A new endoscopic system powered by artificial intelligence (AI) has been shown to automatically identify colorectal adenomas during a colonoscopy. The system was developed in Japan and has recently been tested in one of the first prospective trials of AI-assisted endoscopy in a clinical setting.
The new computer-aided diagnostic system uses an endocytoscopic image, a 500-fold magnified view of a colorectal polyp, to analyze around 300 features of the polyp after applying narrow-band imaging (NBI) mode or staining with methylene blue. The system compares the features of each polyp against more than 30,000 endocytoscopic images that were used for machine learning. This allows the system to predict the lesion pathology in less than a second. Early studies demonstrated the feasibility of using such a system to classify colorectal polyp but until today no prospective studies have been reported.

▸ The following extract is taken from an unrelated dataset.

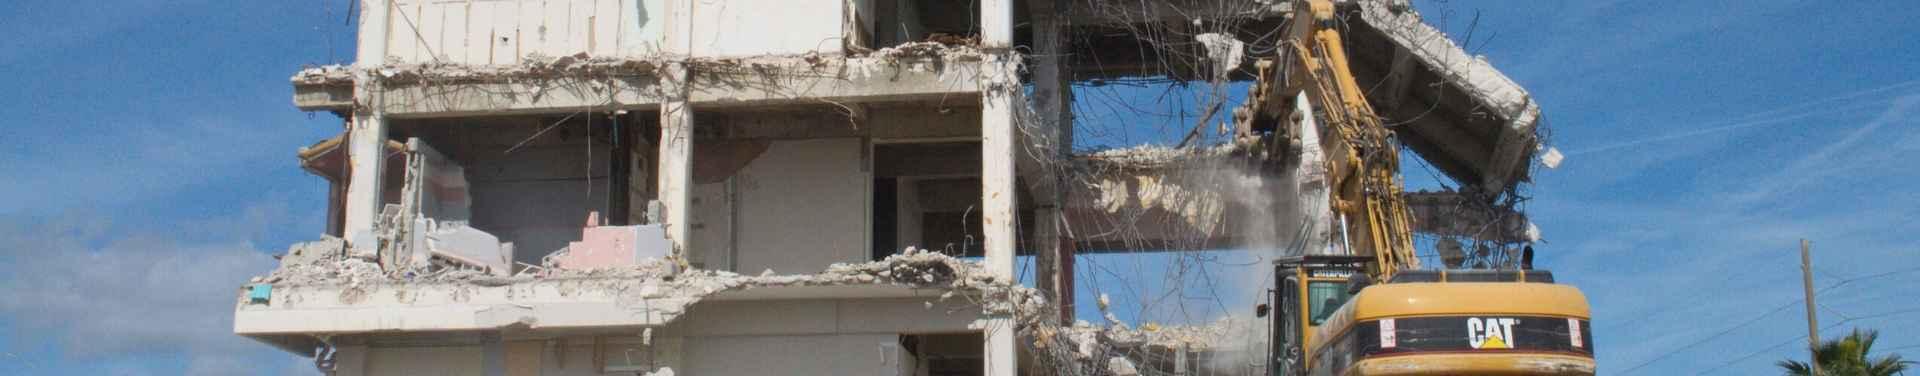 backhoe demolishing a commercial building

The study was led by Dr. Yuichi Mori from Showa University in Yokohama, Japan. The study involved 205 men and women who had colorectal polyps detected in their bodies using endocytoscopy. The AI system was used to predict the pathology of each polyp and the predictions were compared with the pathological report from the final resected specimens. Overall, 306 polyps were assessed in real-time by using the AI-assisted system with a sensitivity of 94 percent, specificity of 94 percent, accuracy of 86 percent and positive and negative predictive values of 79 percent and 93 percent respectively in identifying neoplastic changes.
Dr. Mori said, "The most remarkable breakthrough with this system is that artificial intelligence enables real-time optical biopsy of colorectal polyps during colonoscopy, regardless of the endoscopists' skill. This allows the complete resection of adenomatous polyps and prevents unnecessary polypectomy of non-neoplastic polyps. We believe these results are acceptable for clinical application and our immediate goal is to obtain regulatory approval for the diagnostic system."
The research team is now undertaking a multicenter study for this purpose and the team is working on developing an automatic polyp detection system.
"Precise on-site identification of adenomas during colonoscopy contributes to the complete resection of neoplastic lesions," said Dr. Mori. "This is thought to decrease the risk of colorectal cancer and, ultimately, cancer-related death."
This research was presented at the 25th UEG Week in Barcelona, Spain.